*Your assignment*: Set down a true copy of the data, with all pictures left out.
*** Opening Data section ***
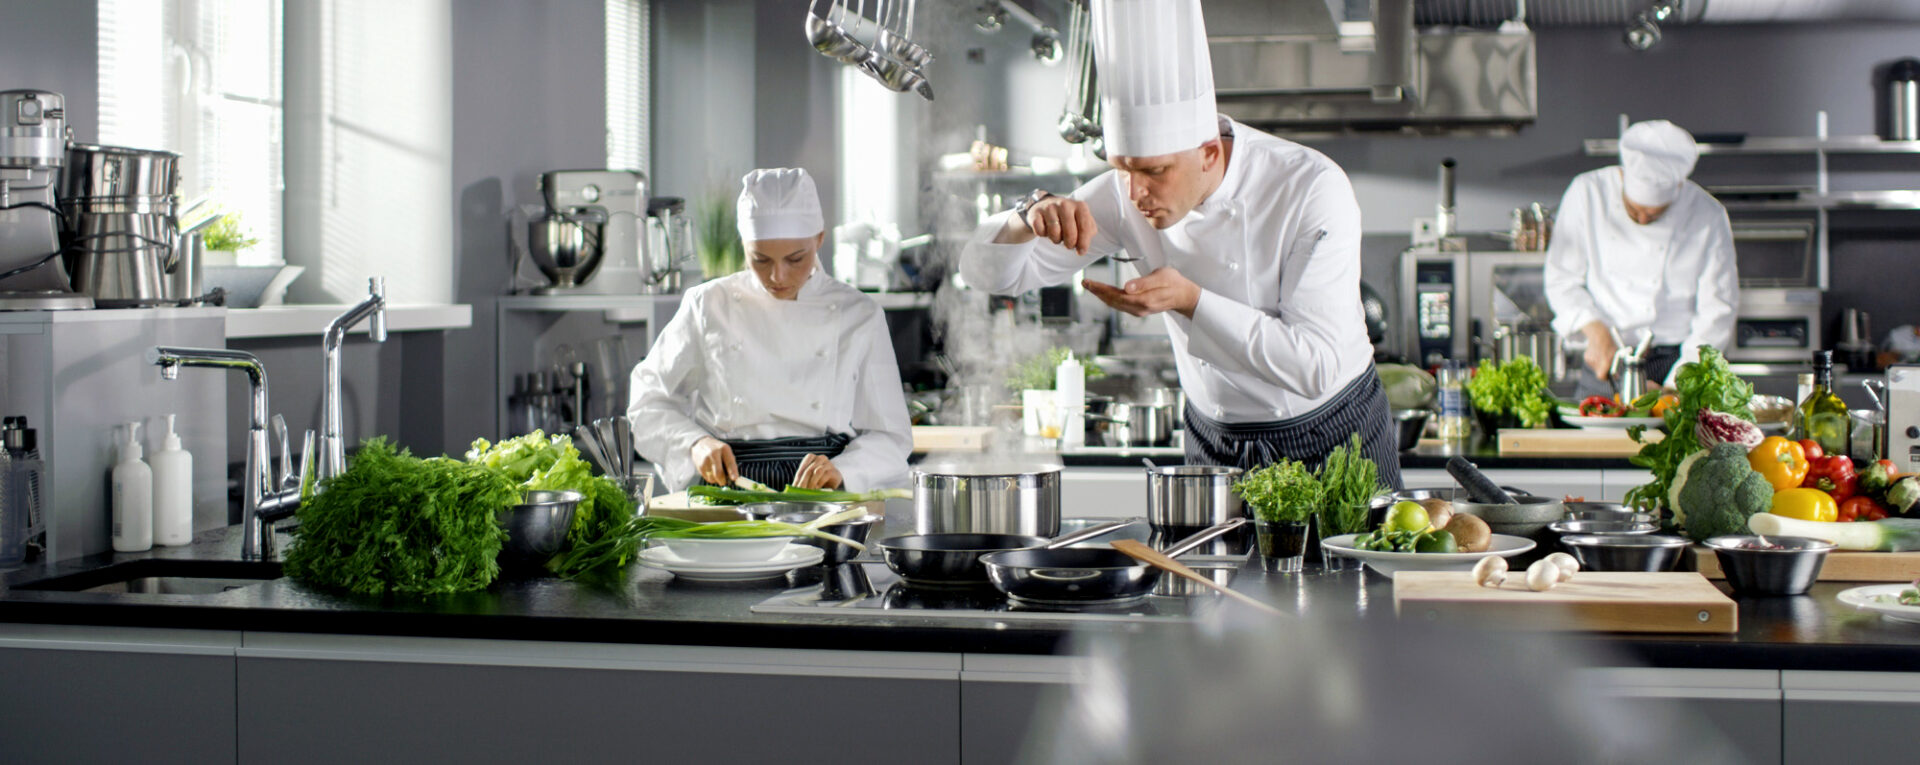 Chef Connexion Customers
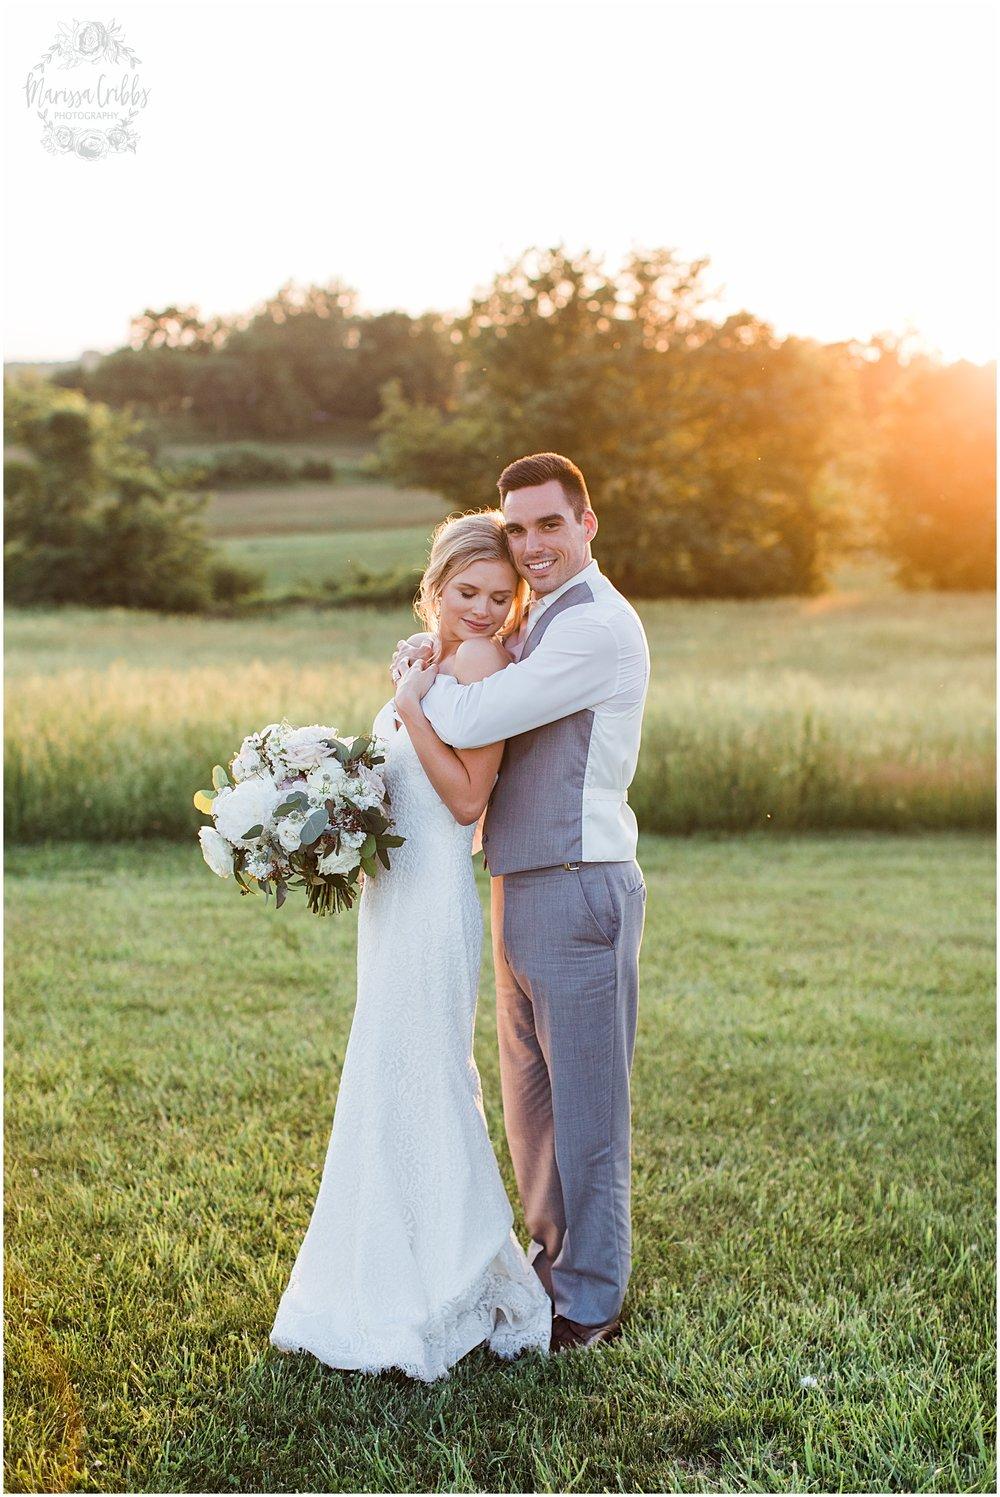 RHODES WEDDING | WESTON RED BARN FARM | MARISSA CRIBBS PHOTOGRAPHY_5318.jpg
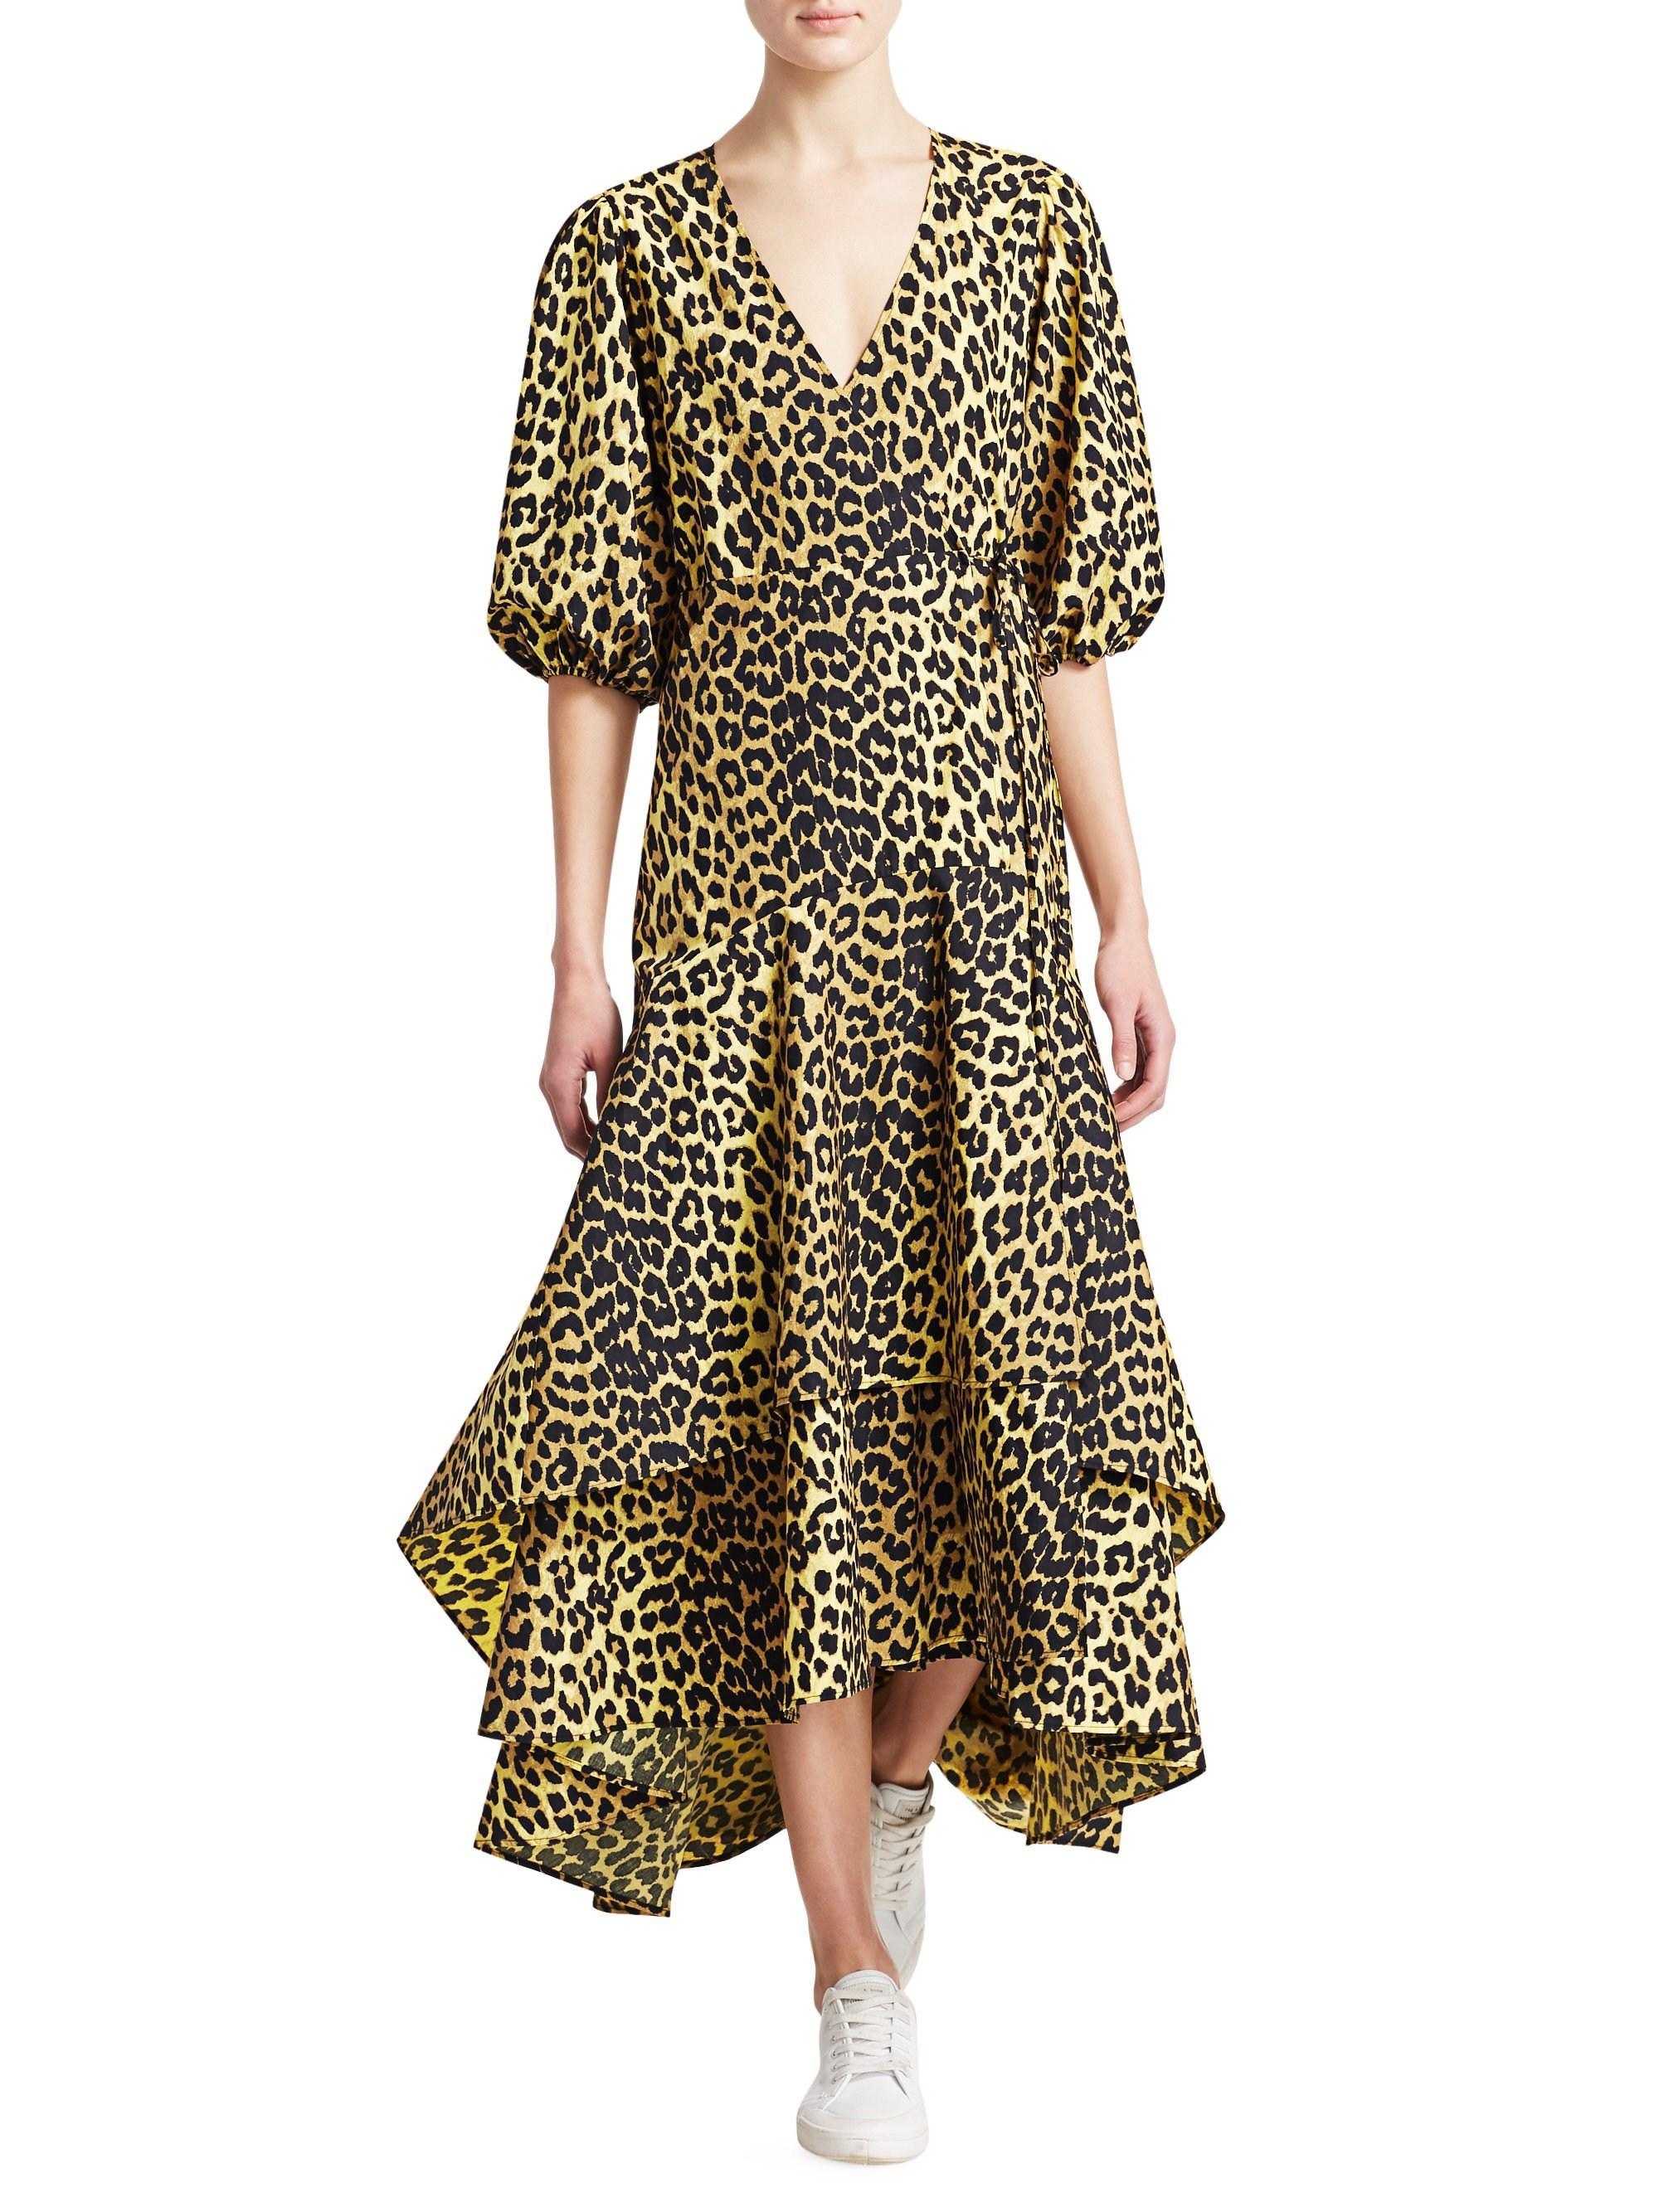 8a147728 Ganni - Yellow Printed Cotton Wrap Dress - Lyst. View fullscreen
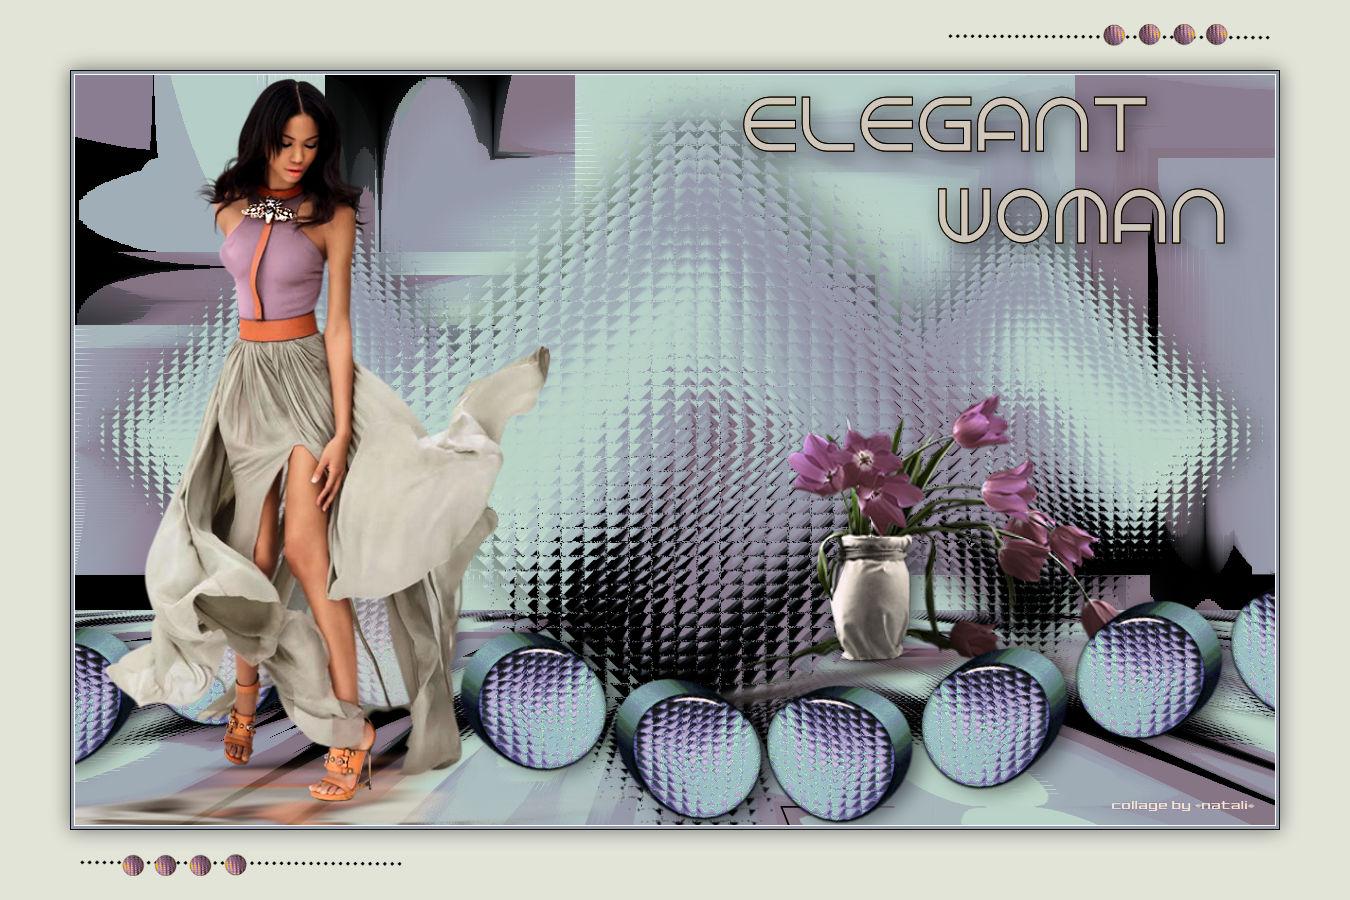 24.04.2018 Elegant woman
*** Closing Data section ***
*Answer space*:
 Chef Connexion Customers
 RHODES WEDDING | WESTON RED BARN FARM | MARISSA CRIBBS PHOTOGRAPHY_5318.jpg
 8a147728 Ganni - Yellow Printed Cotton Wrap Dress - Lyst. View fullscreen
 24.04.2018 Elegant woman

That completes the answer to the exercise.